The door had to be forced open because of the astonishing accumulation of junk mail on the doormat. It jammed itself stuck on what he would later discover were fourteen identical, personally addressed invitations to apply for a credit card he already had, seventeen identical threatening letters for nonpayment of bills on a credit card he didn’t have, thirty-three identical letters saying that he personally had been specially selected as a man of taste and discrimination who knew what he wanted and where he was going in today’s sophisticated jet-setting world and would he therefore like to buy some grotty wallet, and also a dead tabby kitten.

He rammed himself through the relatively narrow opening afforded by all this, stumbled through a pile of wine offers that no discriminating connoisseur would want to miss, slithered over a heap of beach villa holidays, blundered up the dark stairs to his bedroom, and got to the phone just as it stopped ringing.

He collapsed, panting, onto his cold, musty-smelling bed and for a few minutes stopped trying to prevent the world from spinning round his head in the way it obviously wanted to.

When it had enjoyed its little spin and had calmed down a bit, Arthur reached out for the bedside light, not expecting it to come on. To his surprise it did. This appealed to Arthur’s sense of logic. Since the Electricity Board had cut him off without fail every time he paid his bill, it seemed only reasonable that they should leave him connected when he hadn’t.
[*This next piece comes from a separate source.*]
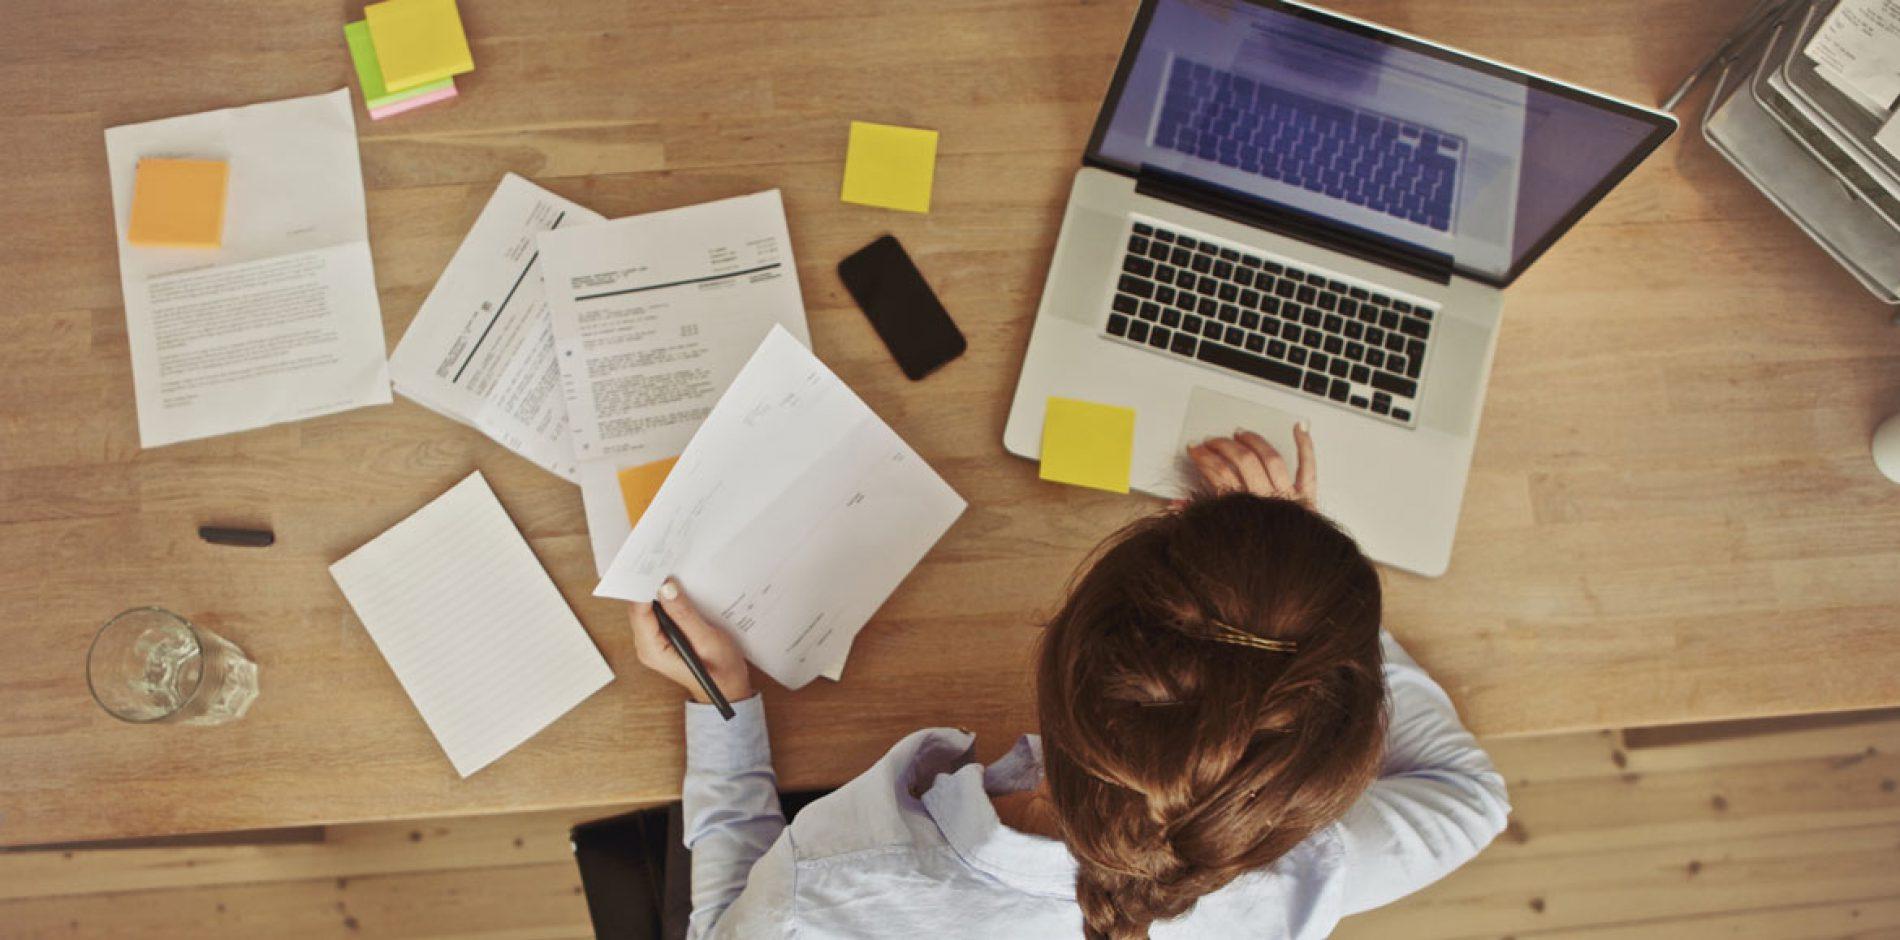 Pubblicata in Gazzetta Ufficiale la definizione di offerta di lavoro congrua
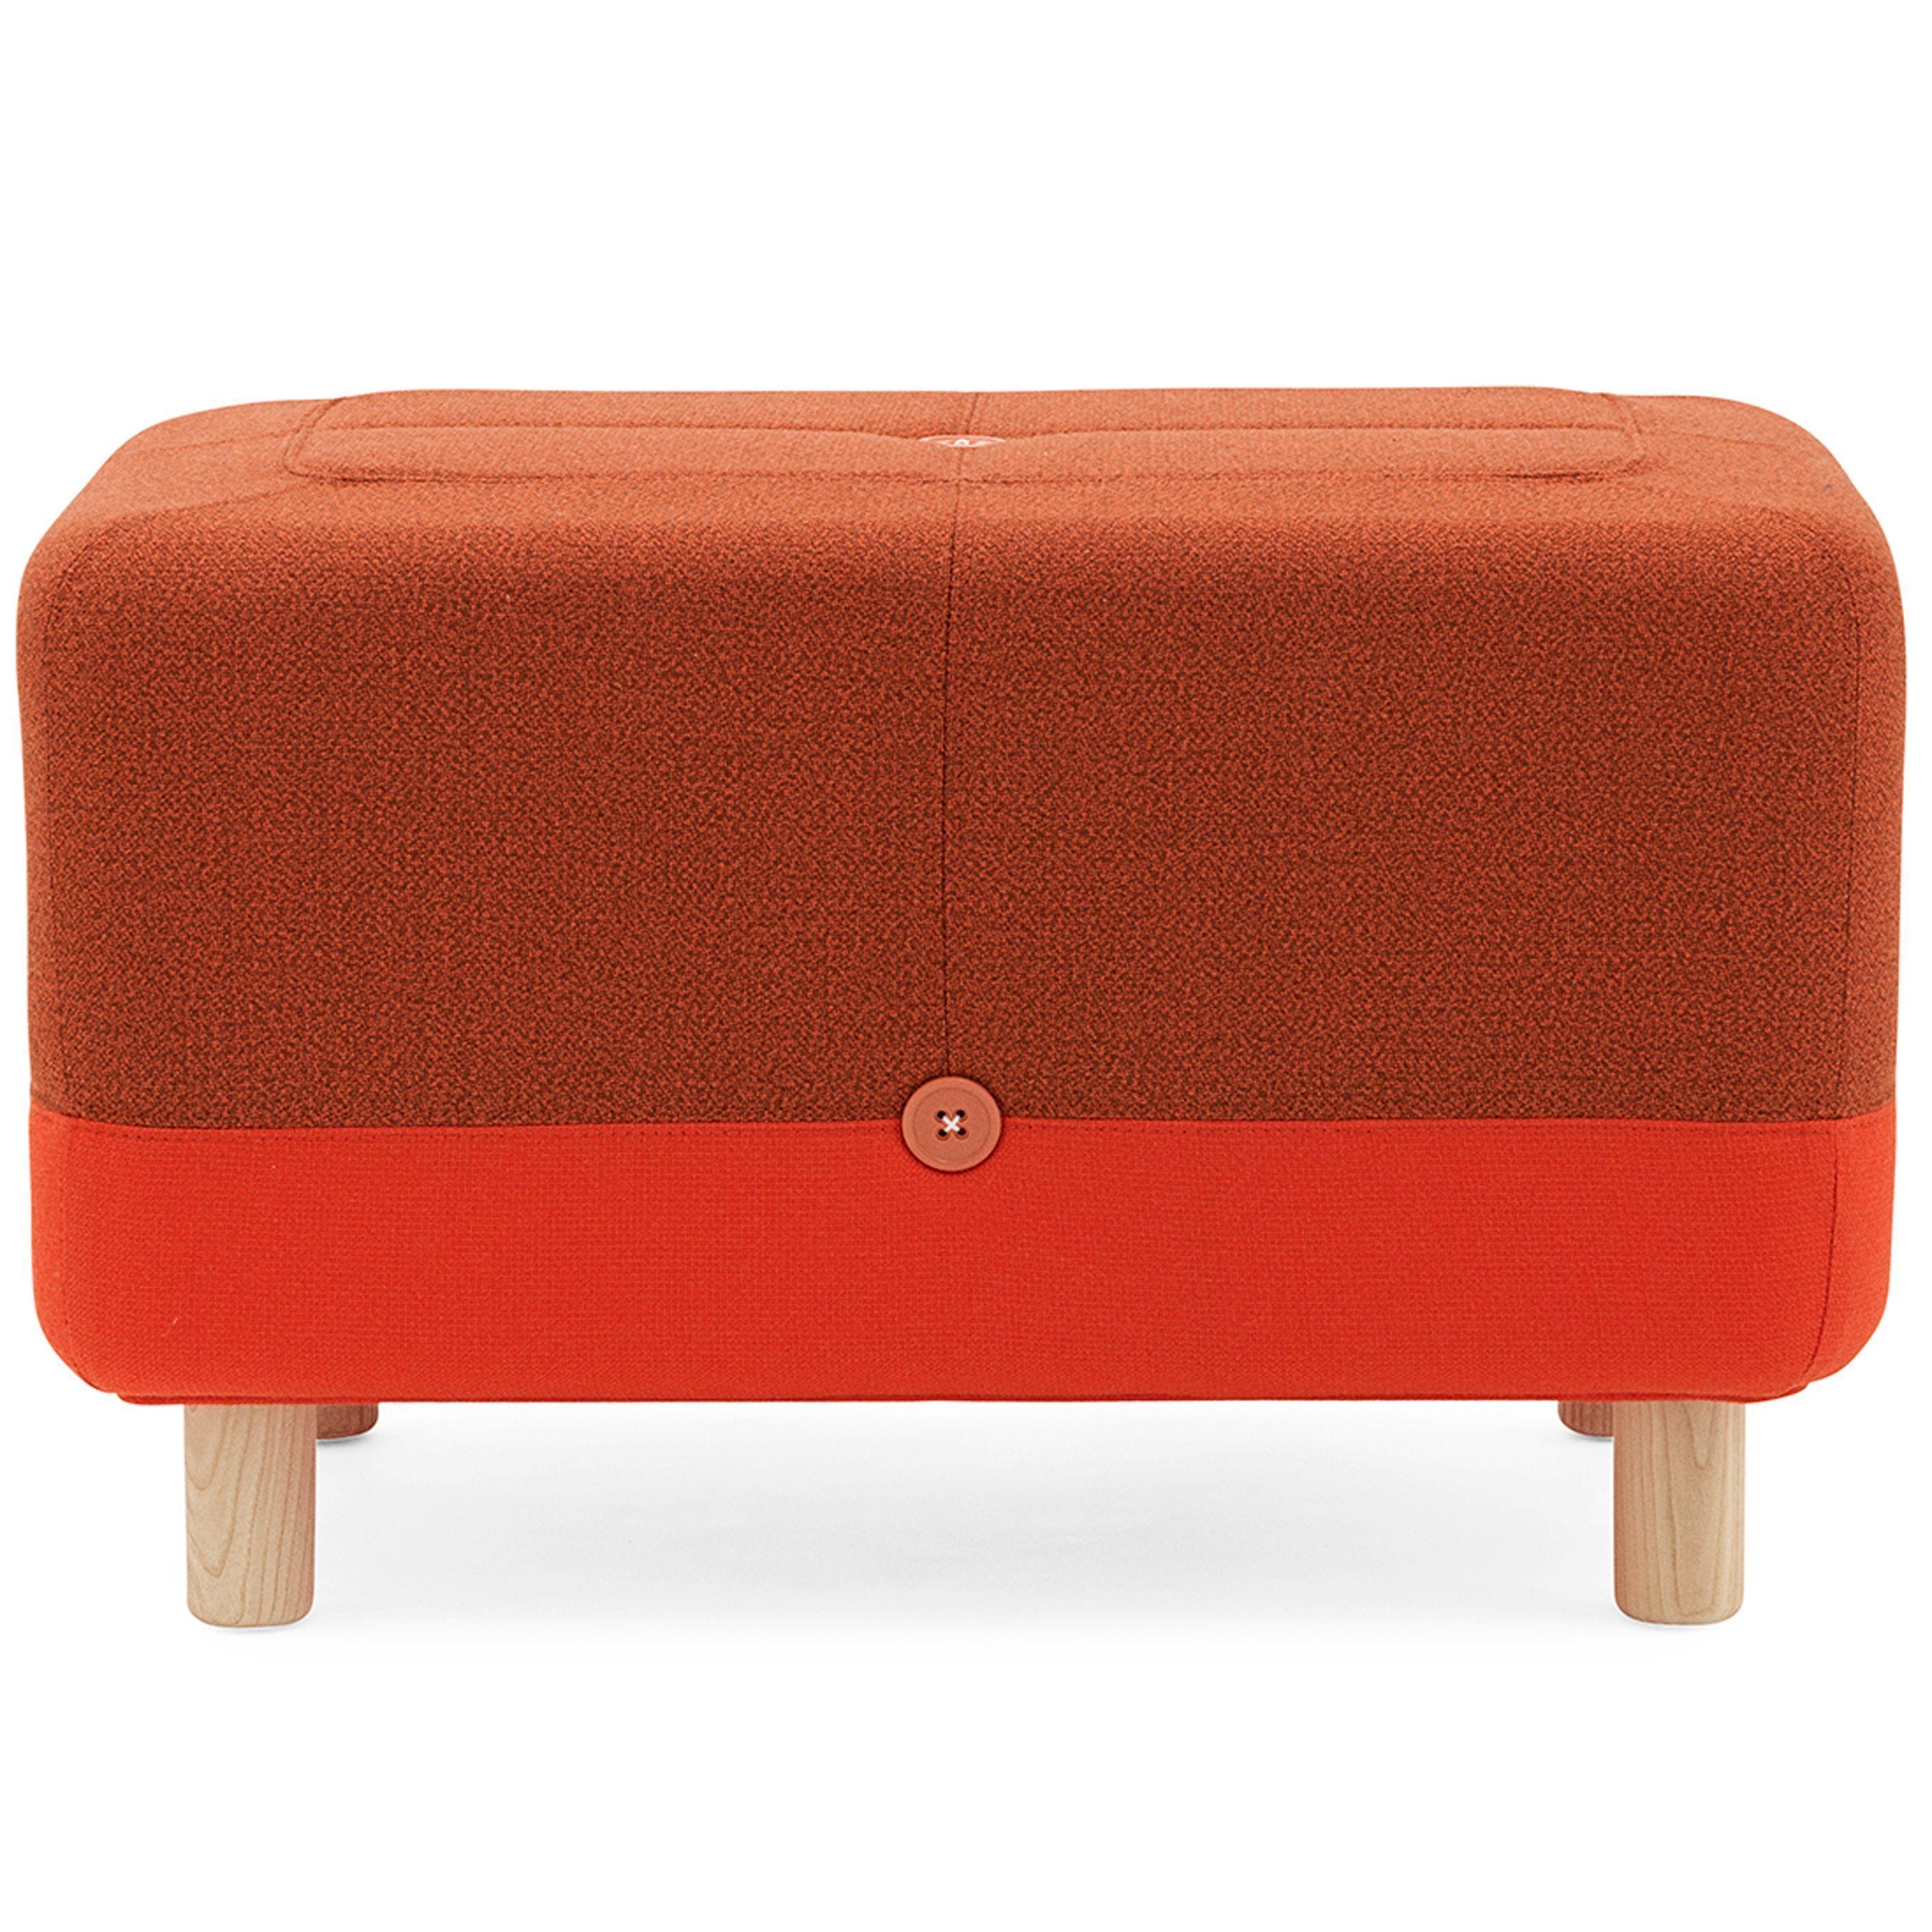 Normann Copenhagen Sumo poef oranje/rood kopen

Sending them money obviously only drew attention to himself.

The room was much as he had left it, festeringly untidy, though the effect was muted a little by a thick layer of dust. Half-read books and magazines nestled among piles of half-used towels. Half-pairs of socks reclined in half-drunk cups of coffee. What once had been a half-eaten sandwich had now half-turned into something that Arthur didn’t entirely want to know about. Bung a fork of lightning through this lot, he thought to himself, and you’d start the evolution of life off all over again.

There was only one thing in the room that was different.

For a moment or so he couldn’t see what the one thing that was different was, because it was too covered in a film of disgusting dust. Then his eyes caught it and stopped.

It was next to a battered old television on which it was only possible to watch Open University study courses, because if it tried to show anything more exciting it would break down.